Event Sourced Aggregates
Event-sourced aggregates have an additional consideration: the event stream
length. A long-lived aggregate with many events takes longer to replay. This
is another argument for small aggregates -- but also consider using snapshots
(Protean supports _version tracking) to mitigate replay cost rather than
splitting an aggregate that genuinely needs to be a single consistency boundary.
Common Mistakes
Mistake 1: Splitting Based on UI Screens
"The order details page shows orders, and the customer page shows customer info, so they should be separate aggregates." This reasoning happens to produce the right result for the wrong reason. Aggregate boundaries come from business invariants, not UI layout.

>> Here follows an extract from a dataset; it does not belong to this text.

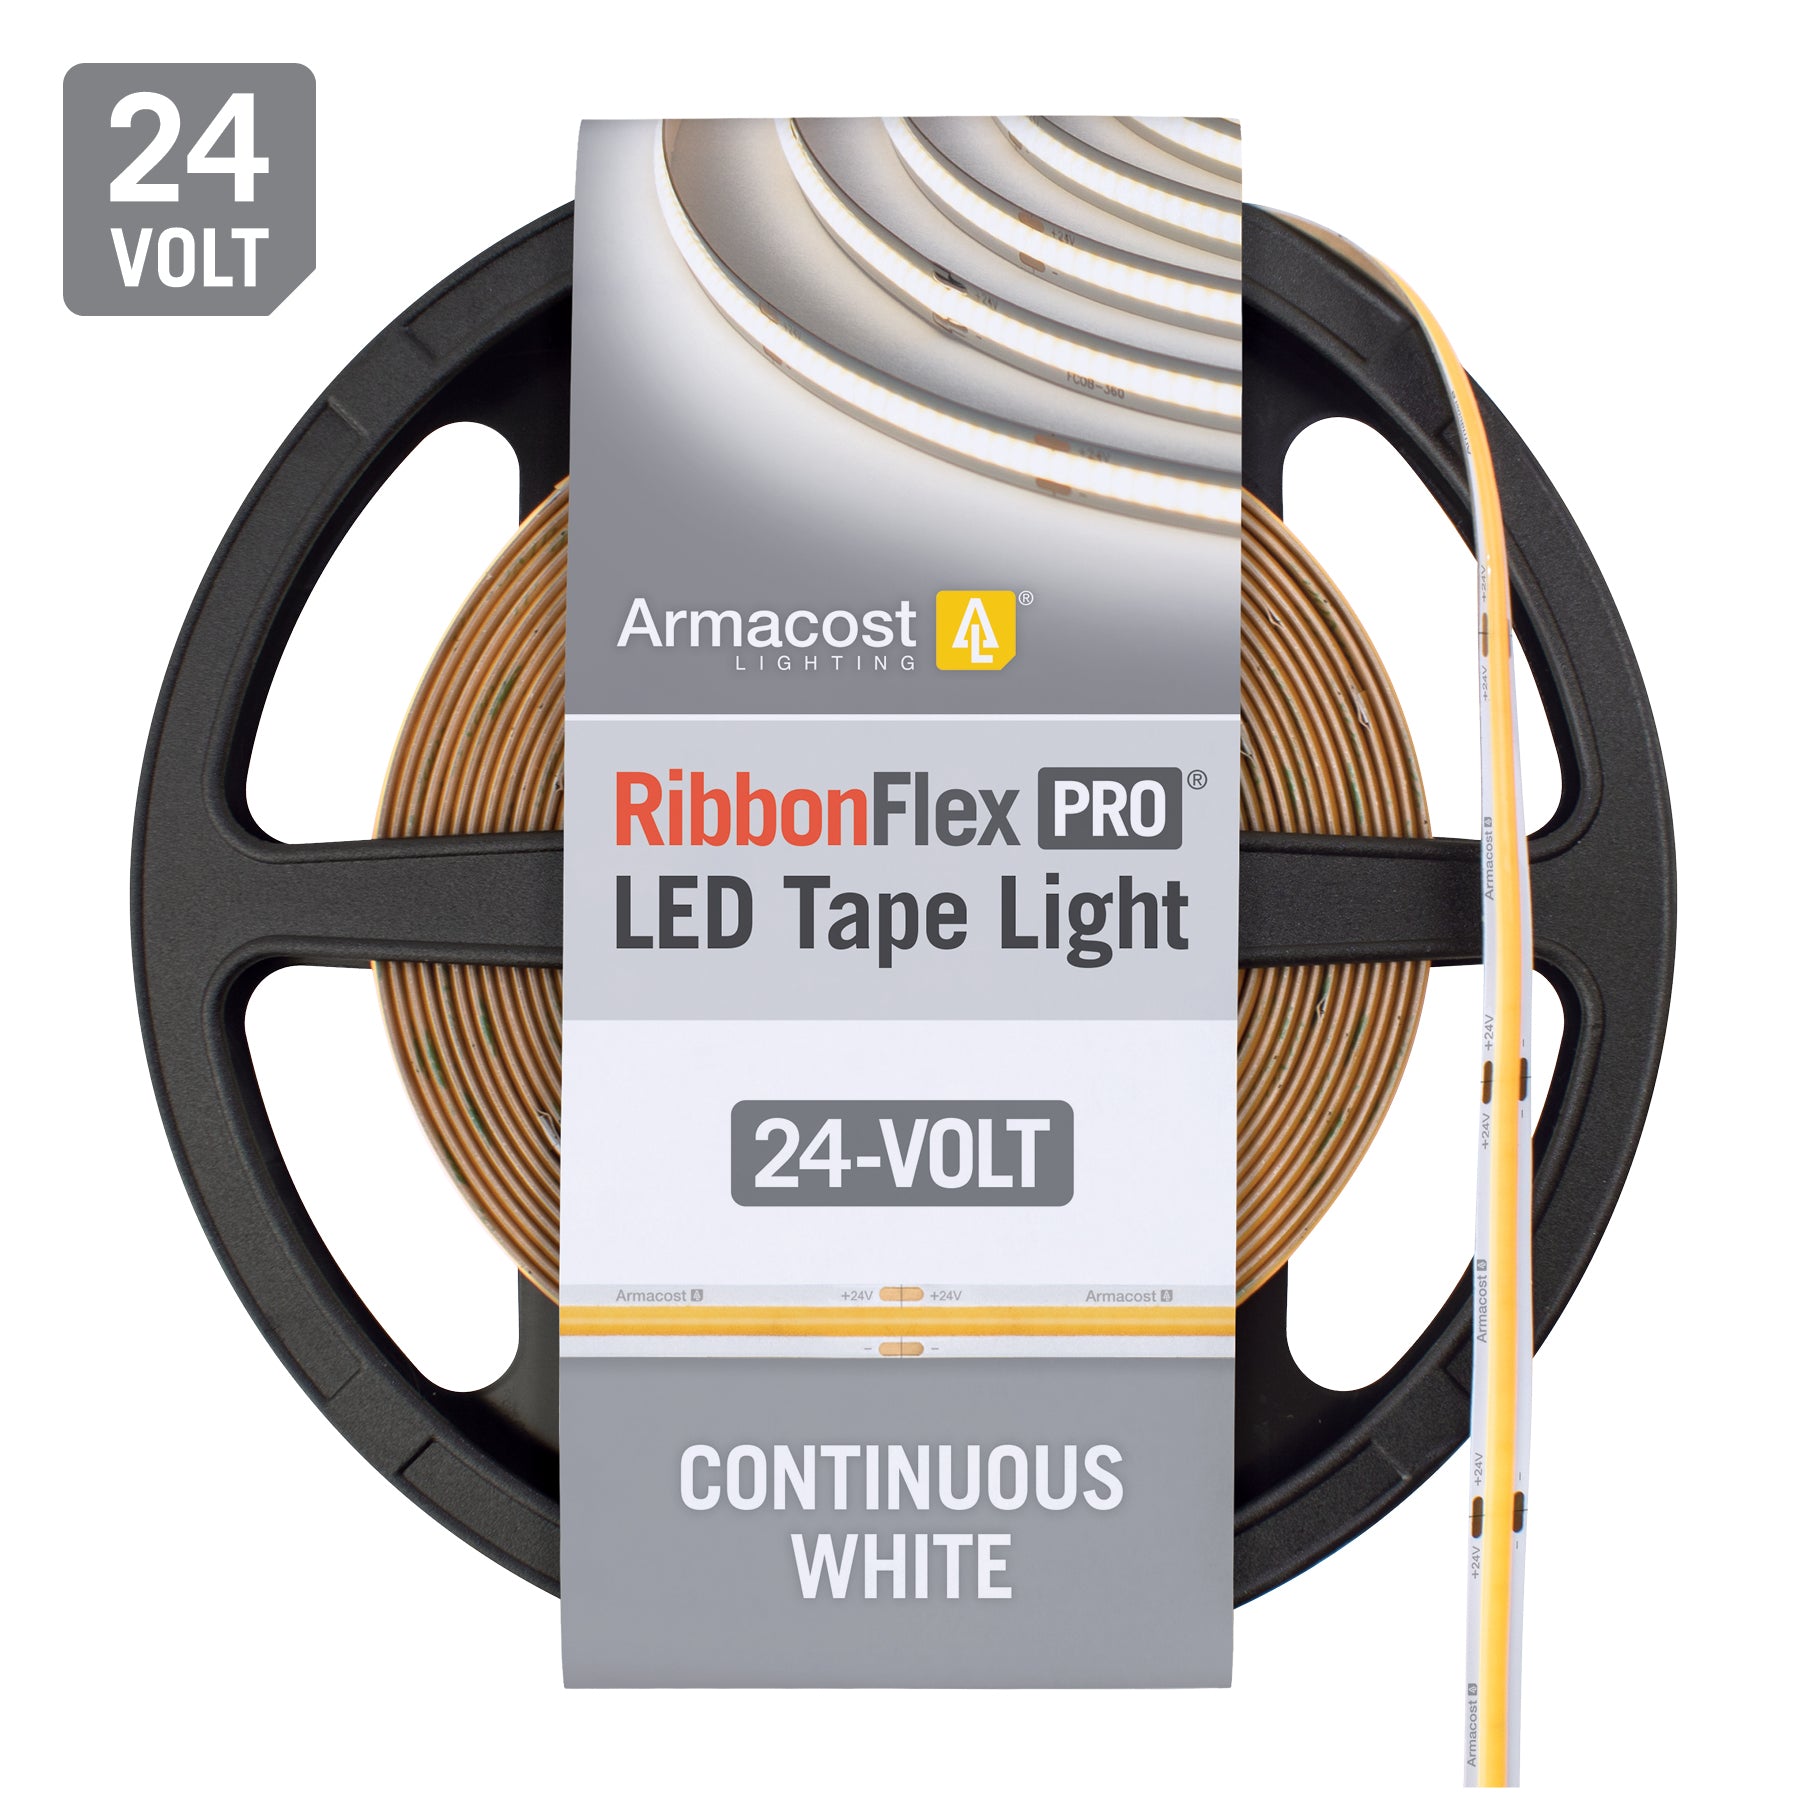 24 Volt White COB LED Strip Light Tape

If tomorrow the UI changes to show orders and customers on the same page, the aggregate boundaries shouldn't change.
Mistake 2: Using HasOne/HasMany for Cross-Aggregate References
# Mistake: using association fields for separate aggregates
@domain.aggregate
class Order:
customer = HasOne(Customer) # This embeds Customer inside Order
HasOne and HasMany are for entities within the aggregate. For references
to other aggregates, use Identifier:
# Correct: identity reference to another aggregate
@domain.aggregate
class Order:
customer_id = Identifier(required=True) # References Customer
Mistake 3: Premature Splitting
Don't split an aggregate just because it has many fields. A User aggregate
with 15 fields (name, email, phone, preferences, settings) is fine if those
fields must be consistent with each other. The number of fields is not the
criterion -- the consistency requirement is.
Summary
| Aspect | Large Aggregates | Small Aggregates |
|---|---|---|
| Boundary criterion | Data relationships | Consistency requirements |
| Cross-aggregate reference | Embed (HasOne/HasMany) | Identity (Identifier) |
| Cross-aggregate changes | Same transaction | Domain events |
| Loading cost | Entire object graph | Only what's needed |
| Concurrency | High contention | Low contention |
| Transaction scope | Large (risky) | Small (safe) |
| Scalability | Limited | Independent per aggregate |
| Testability | Requires full graph | Isolated units |
The principle: draw aggregate boundaries around consistency requirements, not data relationships. Reference other aggregates by identity. Use domain events for cross-aggregate communication.